Task item ▸ Repeat the lines from the one containing "Scuola Media Vergani" through the last line of the data, exactly, pictures omitted.

*** Opening of Given information ***

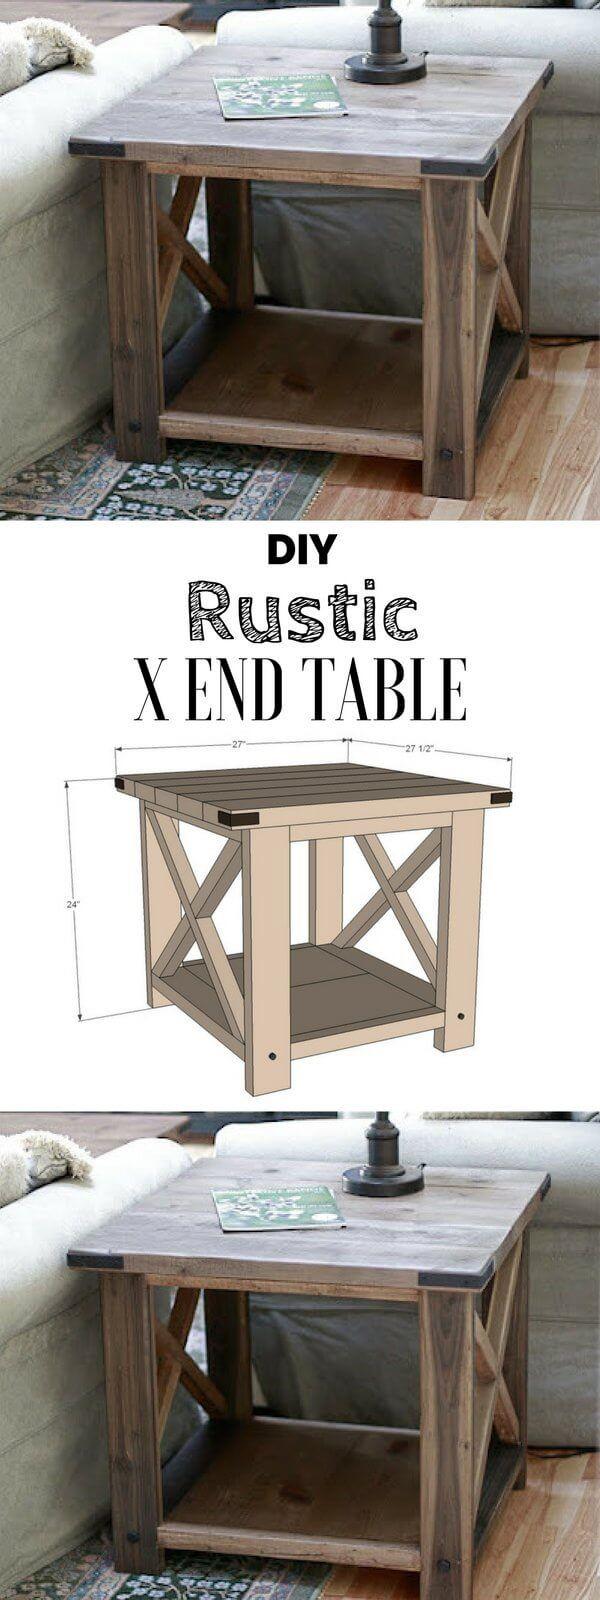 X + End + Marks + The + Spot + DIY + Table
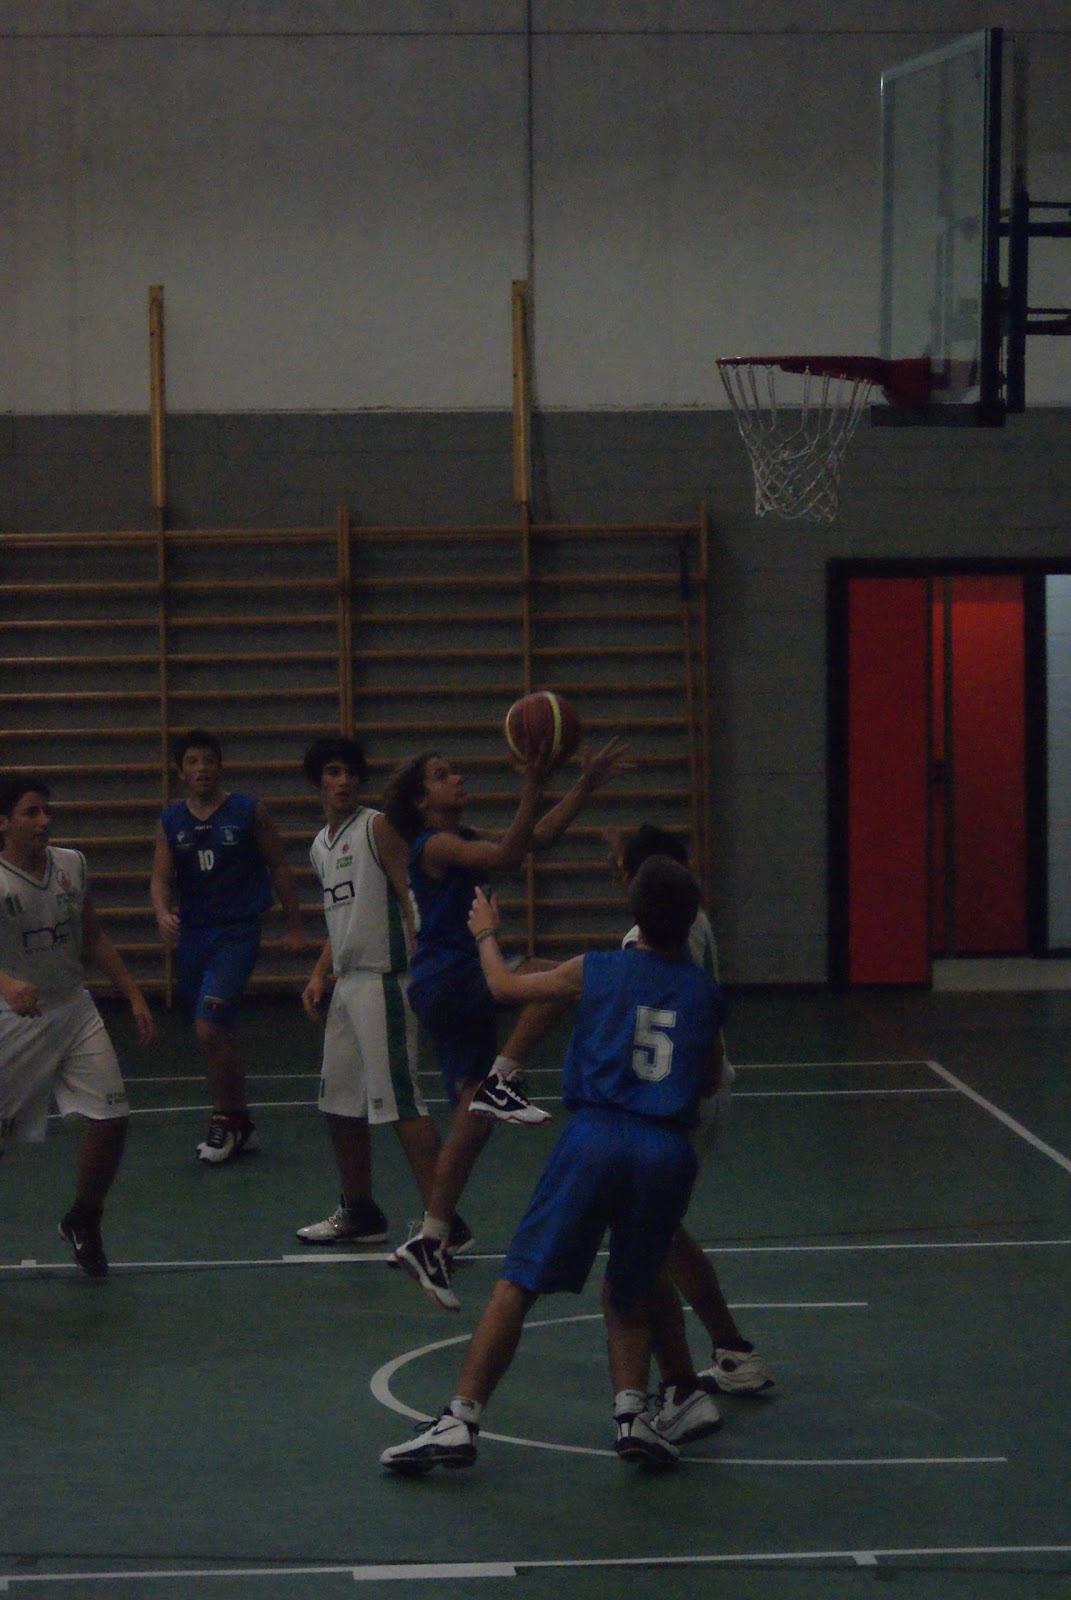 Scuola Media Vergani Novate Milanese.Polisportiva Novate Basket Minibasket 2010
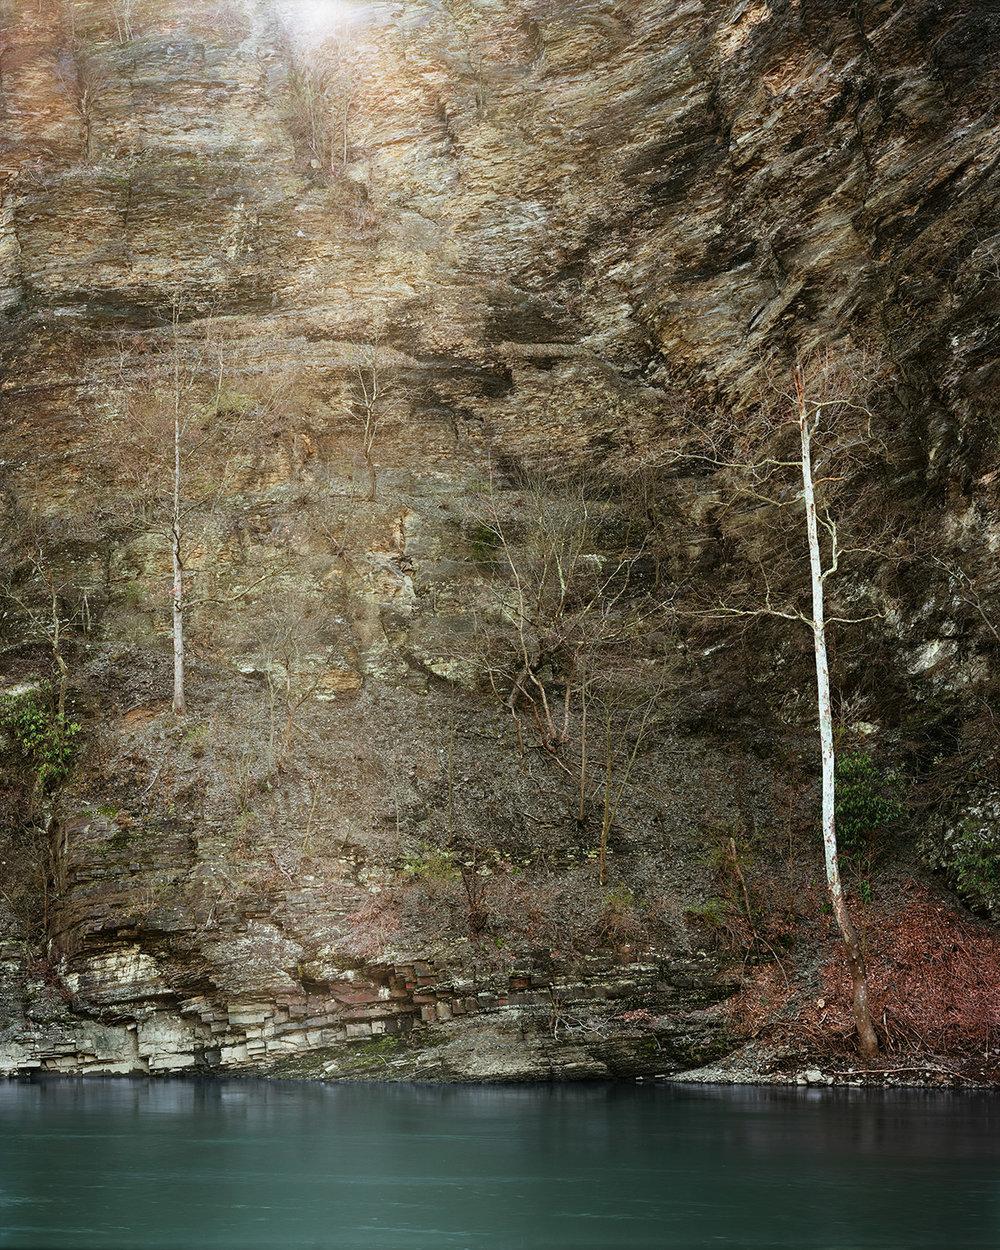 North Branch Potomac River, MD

*** Close of Given information ***

Solution ▸
 Scuola Media Vergani Novate Milanese.Polisportiva Novate Basket Minibasket 2010
 North Branch Potomac River, MD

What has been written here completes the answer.